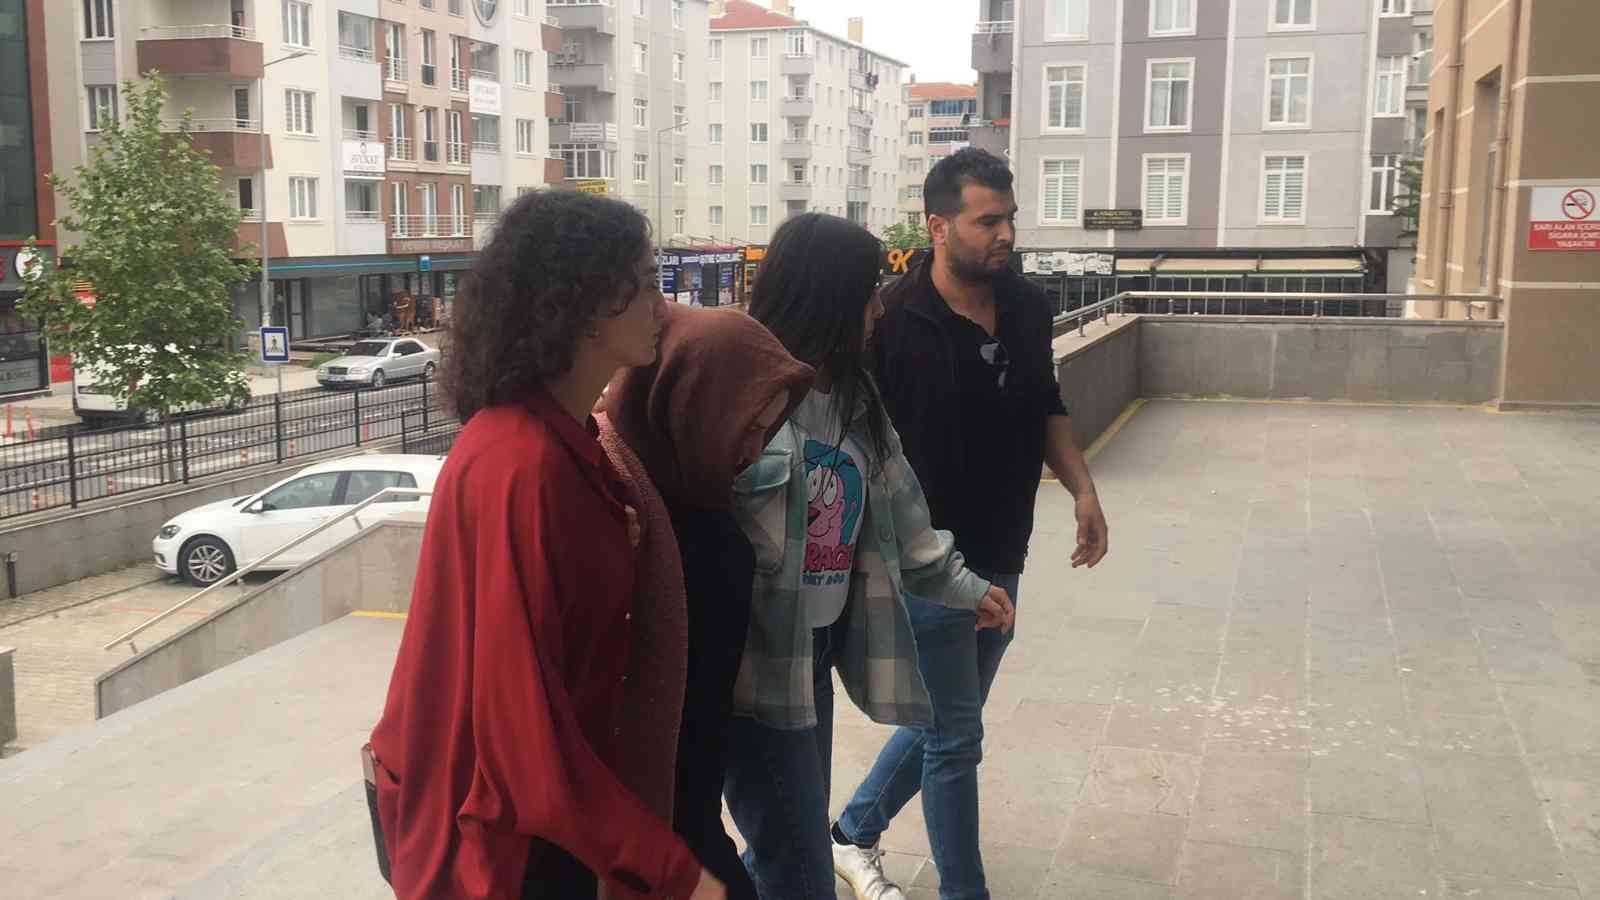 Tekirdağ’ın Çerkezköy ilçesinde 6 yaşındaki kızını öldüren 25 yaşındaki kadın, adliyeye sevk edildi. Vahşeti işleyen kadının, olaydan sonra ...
* * *
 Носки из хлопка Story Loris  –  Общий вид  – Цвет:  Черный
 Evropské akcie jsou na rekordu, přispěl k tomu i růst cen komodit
---
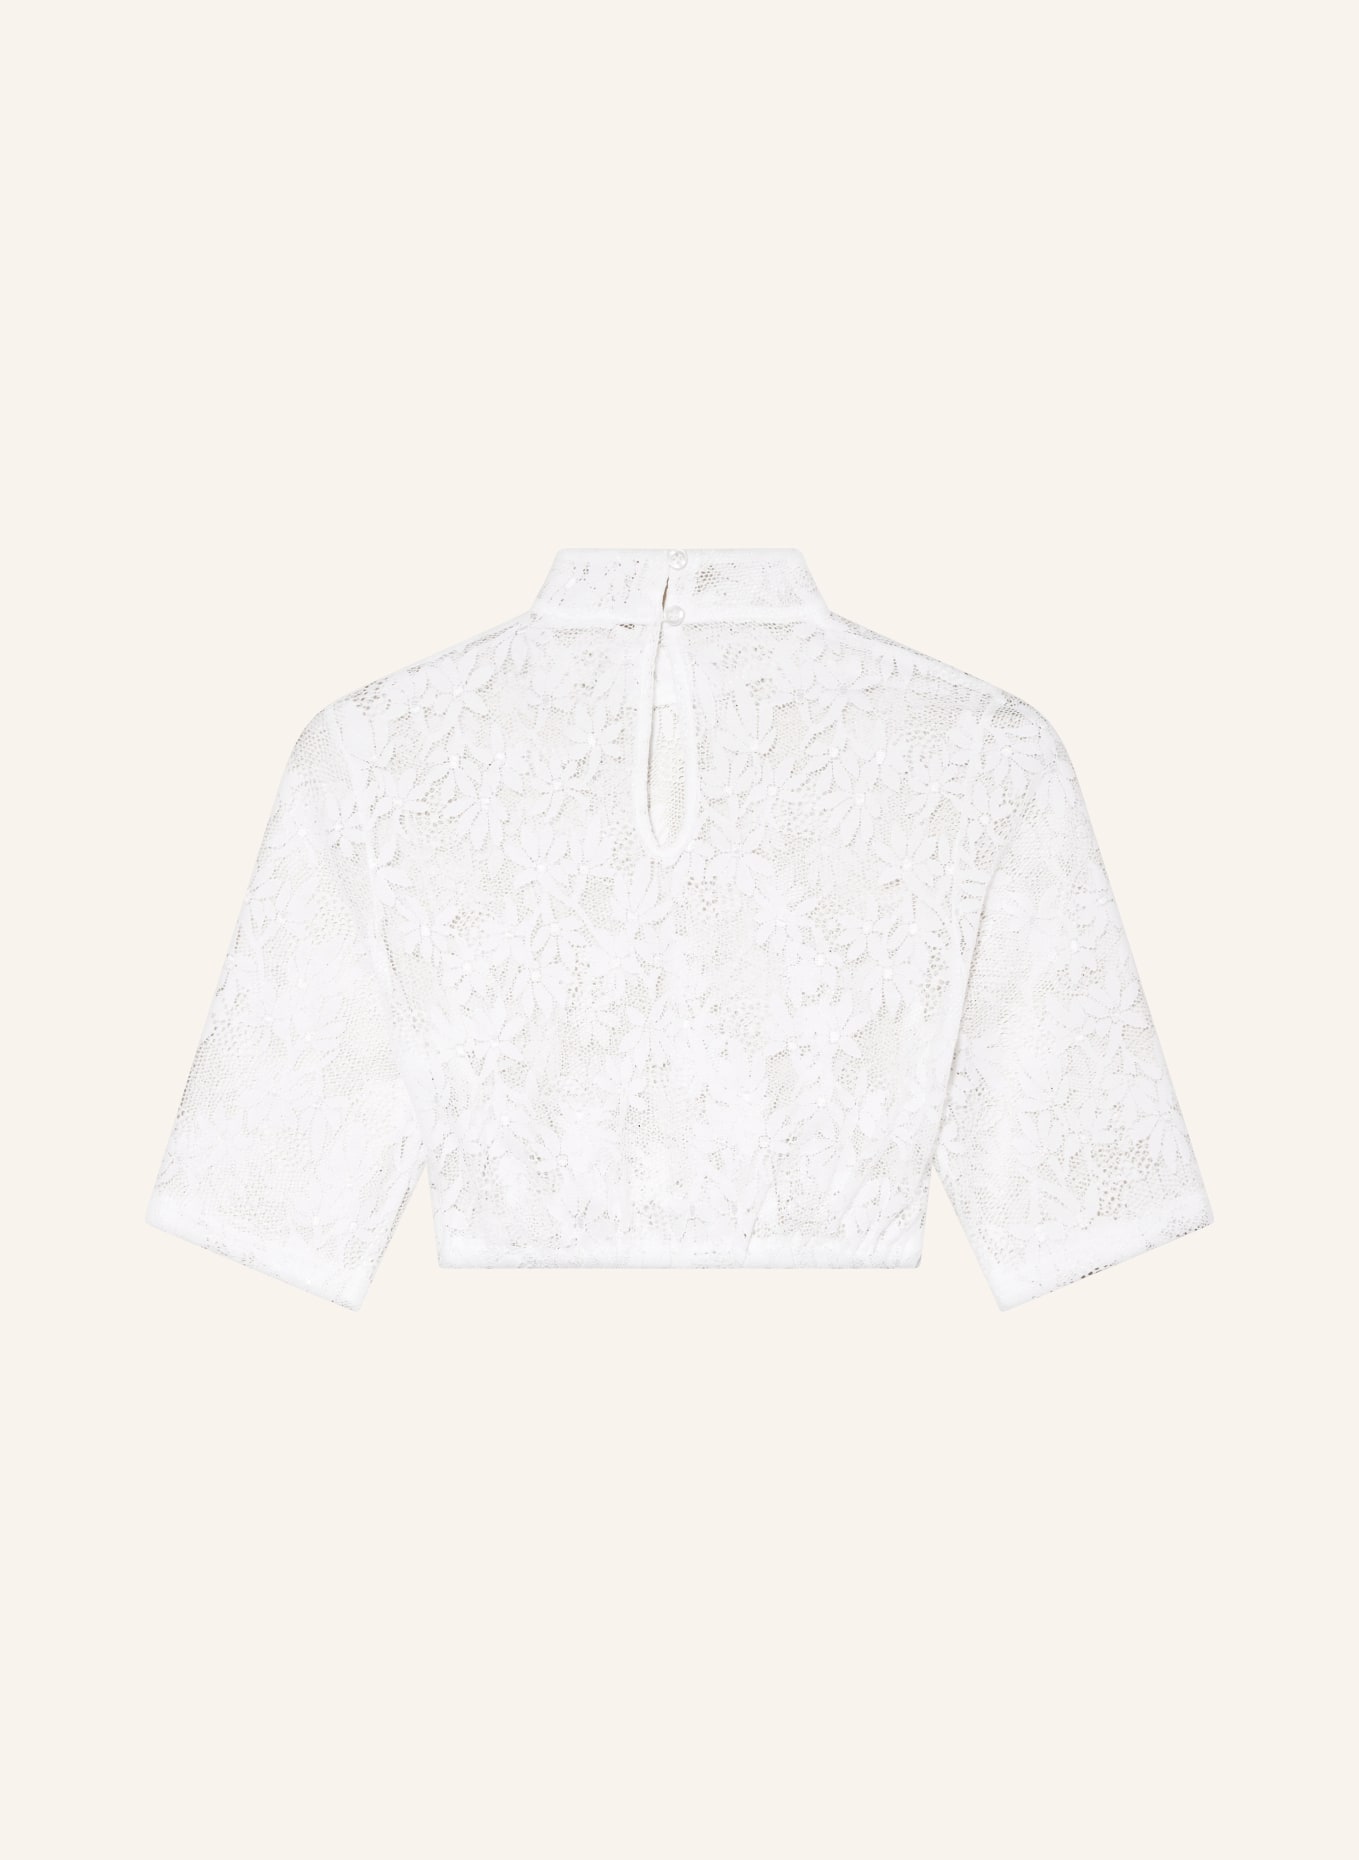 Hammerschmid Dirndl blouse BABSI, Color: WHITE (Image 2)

> _WORK REQUIRED_
Where the listing above reaches the line that contains "Носки из хлопка", start retyping, and finish with the line that contains "Evropské akcie jsou"; reproduce those lines exactly and no others.

> _RESULT OF THIS EXERCISE_
 Носки из хлопка Story Loris  –  Общий вид  – Цвет:  Черный
 Evropské akcie jsou na rekordu, přispěl k tomu i růst cen komodit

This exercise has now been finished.